Evgeny Kuznetsov vs. Andre Burakovsky
What do Evgeny Kuznetsov and Andre Burakovsky have in common?
They’re poised to make a splash for the Washington Capitals in their first (full) NHL seasons. Neither is a natural centerman, but both have worked to adapt to the position under coach Barry Trotz. And both are in the running for second-line center.
But who is more qualified for the position? Who will be most successful?
It’s tough to predict offensive totals for rookies like Burakovsky, who shone in the uber-inflated OHL. Scoring runs high, and he was one of the league’s strongest offensive players. That’s not to say Burakovsky won’t be successful, but he had incredible linemates during his time with the Erie Otters. In Washington, he won’t be paired with a handful of scoring machines like Connor McDavid or Dane Fox. Trotz has penciled him in as the team’s 3C, where he’ll probably spend most minutes with Joel Ward and Jason Chimera–both effective, grinding, play-driving wingers.
In the OHL, Burakovsky played left wing. The Otters’ surplus of high-quality centers helped set him up (literally) to score 41 goals in 57 games. His 46 assists were also impressive, and hopefully indicative of his. If Burakovsky centers Ward and Chimera, he’ll be aiming to help Ward and Chimera continue their positive trends in scoring. In the preseason, he’s played his new position with a variety of linemates, even on the first line. Trotz is clearly pleased with the results and all but stated that his position on the team is secure.
So how likely is Burakovsky to steal the 2C spot from Kuznetsov?
Let’s turn to the statistics side of things (my efforts to track down fancy stats in major junior have been far from successful.)
Rob Vollman, author of Hockey Abstract, estimates Kuznetsov will score well above 40 points in his upcoming season (the specifics can be found here.) Kuznetsov made his NHL debut last spring, and put up nine points in 16 games. His offensive totals and position have been hotly debated since he was drafted in 2010. At present, it appears that Trotz will employ Kuznetsov as the team’s second-line center, a position that requires superb setup skills in addition to goal-scoring ability.

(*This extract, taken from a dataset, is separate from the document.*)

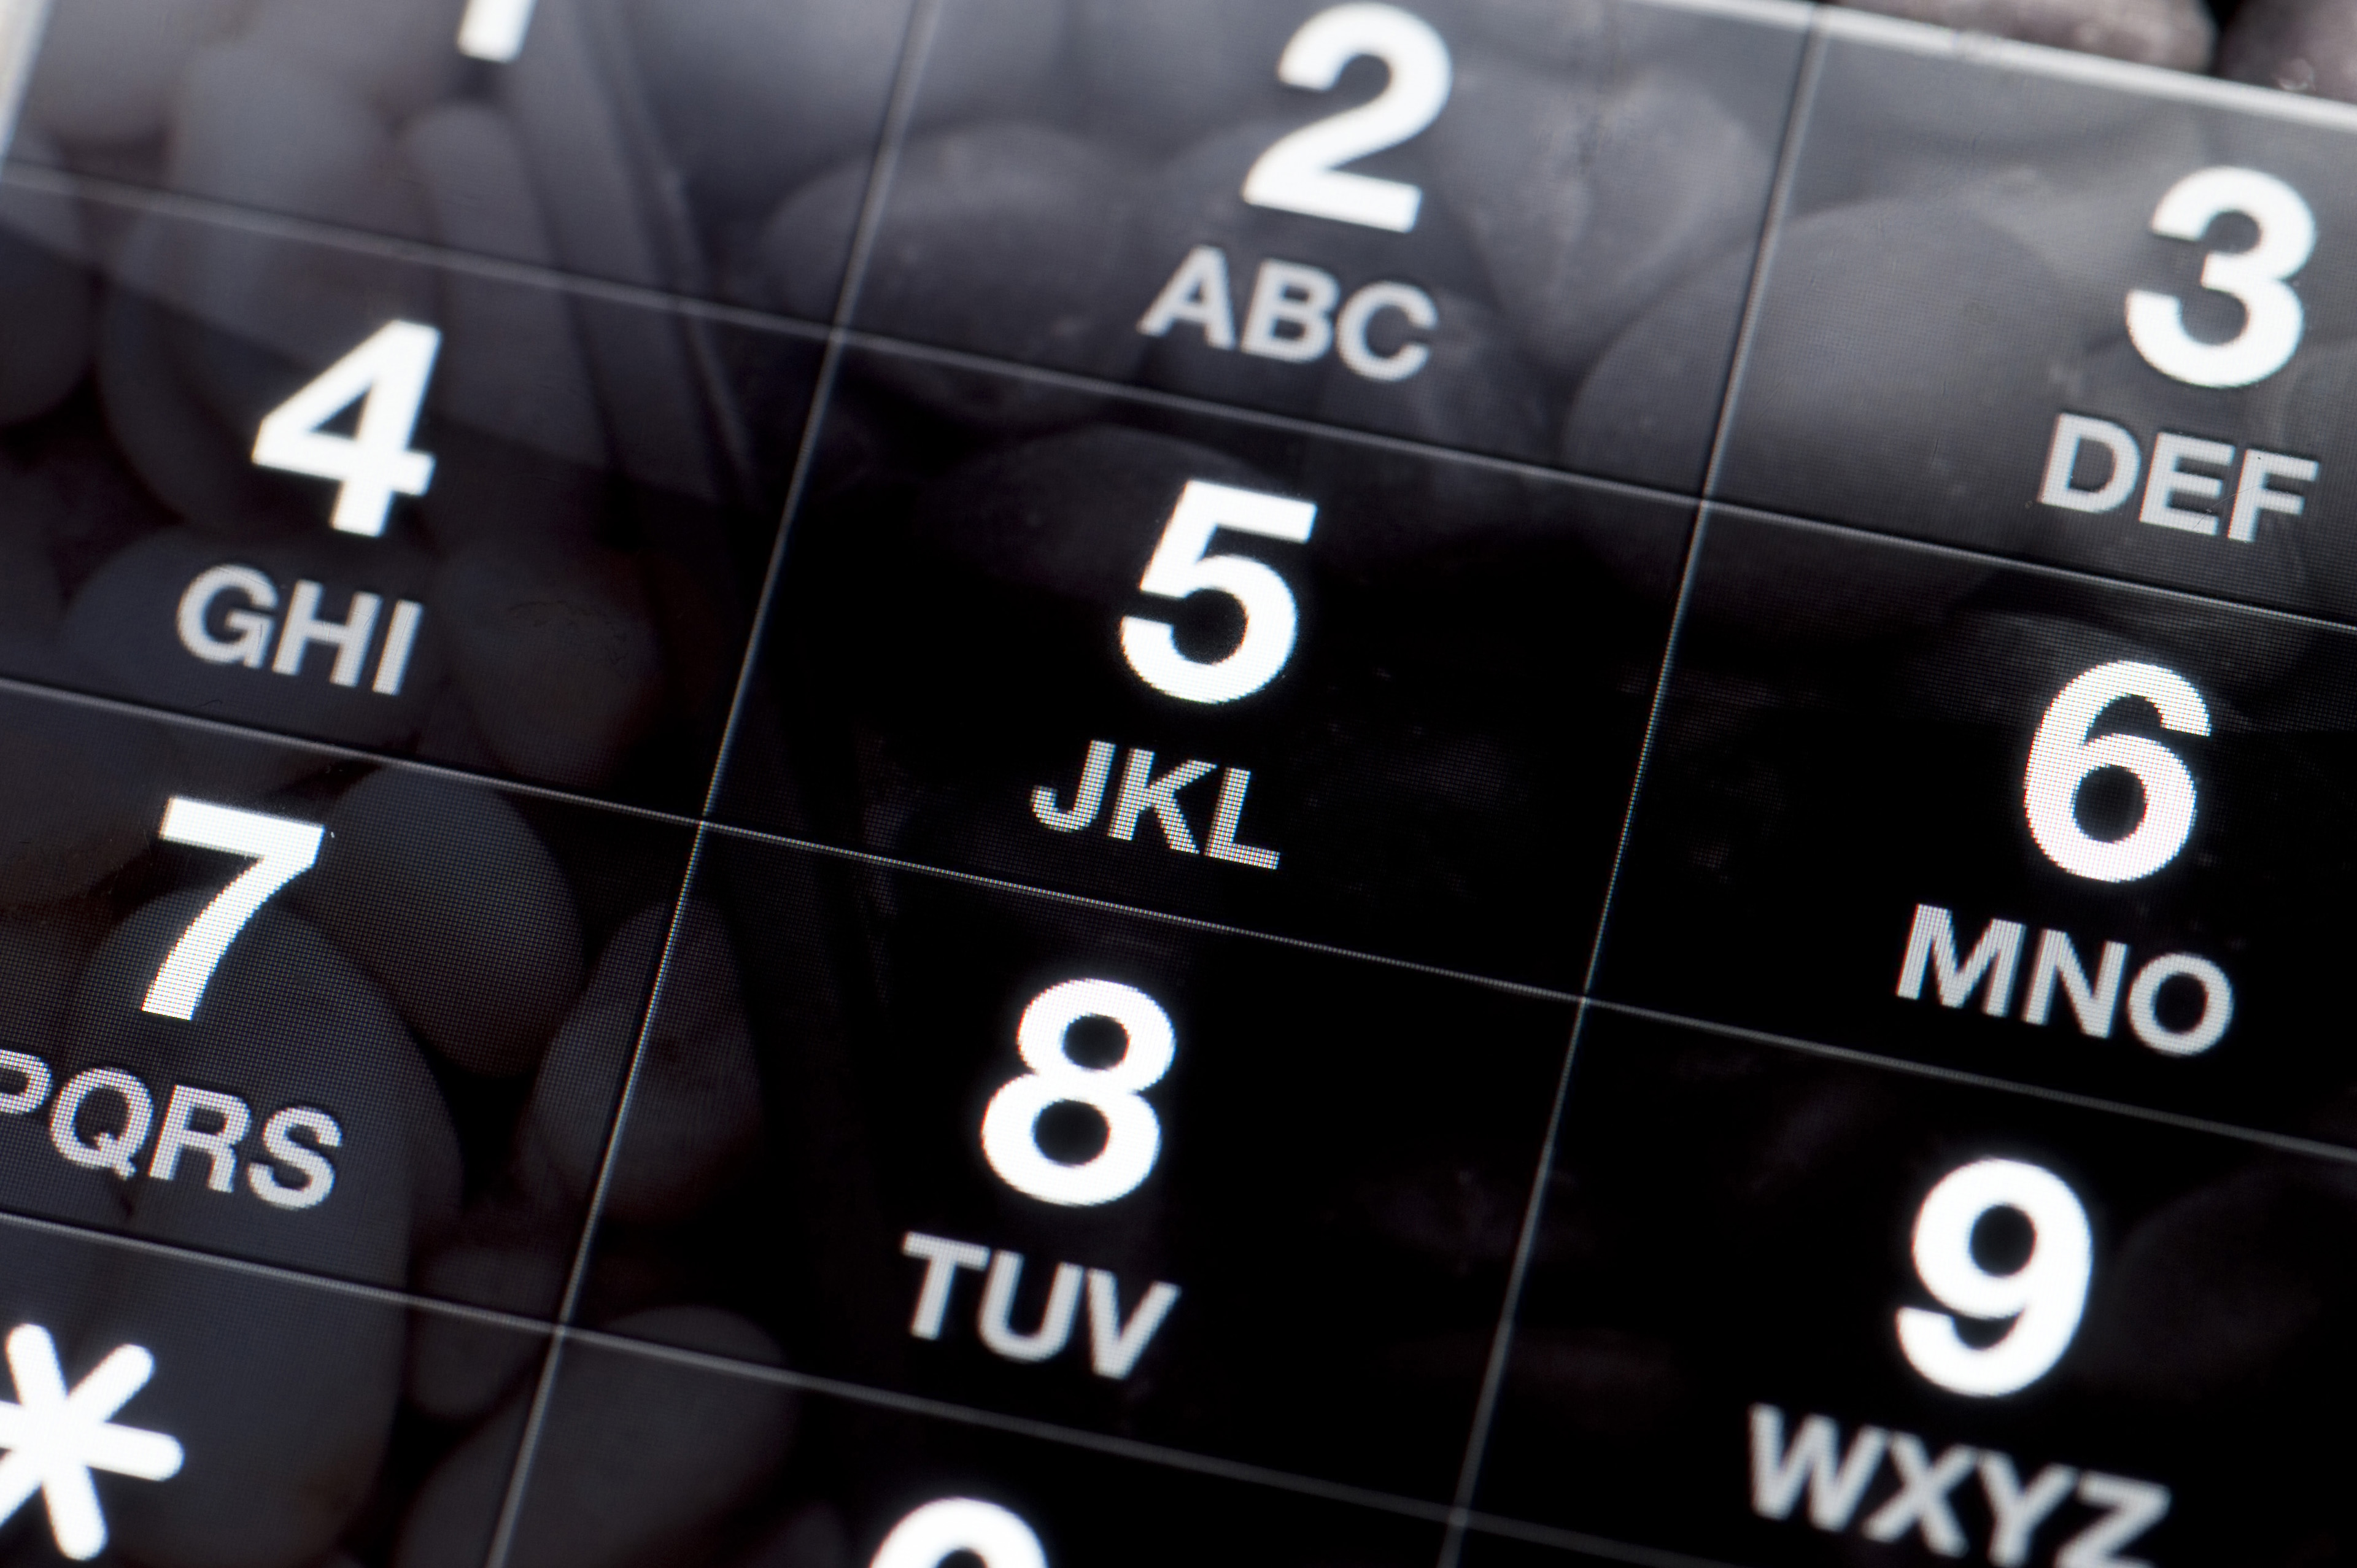 Image of Black and White Dial Pad of a Mobile Phone | Freebie ...

While Kuznetsov has been guilty of some egregious defensive lapses, Trotz seems fairly unconcerned with these growing pains. He described himself as “patient” in evaluating the rookies’ progress, adding that “in the long run, they’re going to get better and better as they play more and more.”
Slotting two rookie centers into the opening night lineup appears to be cause for concern. Strength down the middle has been lacking for the Caps in recent seasons. But both players have versatility, albeit in different ways. Each could revert to playing wing. And if Burakovsky struggles with bottom-six minutes at the NHL level, he’s still eligible to play in Hershey. Kuznetsov has multiple, successful seasons at the pro level under his belt, and he spent some of that time as a center.
However, a strong center must be able to win faceoffs. Neither Burakovsky nor Kuznetsov has excelled in winning the draw. If Trotz is correct and patience pays off, both will blossom into faceoff-winning machines. Faceoffs in particular seem to be tricky; Eric Fehr cited them as a reason for his discomfort at the center position. But there’s always the possibility that Burakovsky makes a strong case for the 2C role midway through the season, and he gets bumped up at Kuznetsov’s expense. Stranger things have happened (see: Beagle centering Ovechkin.) For the time being, however, Kuznetsov is arguably the best guy for the job.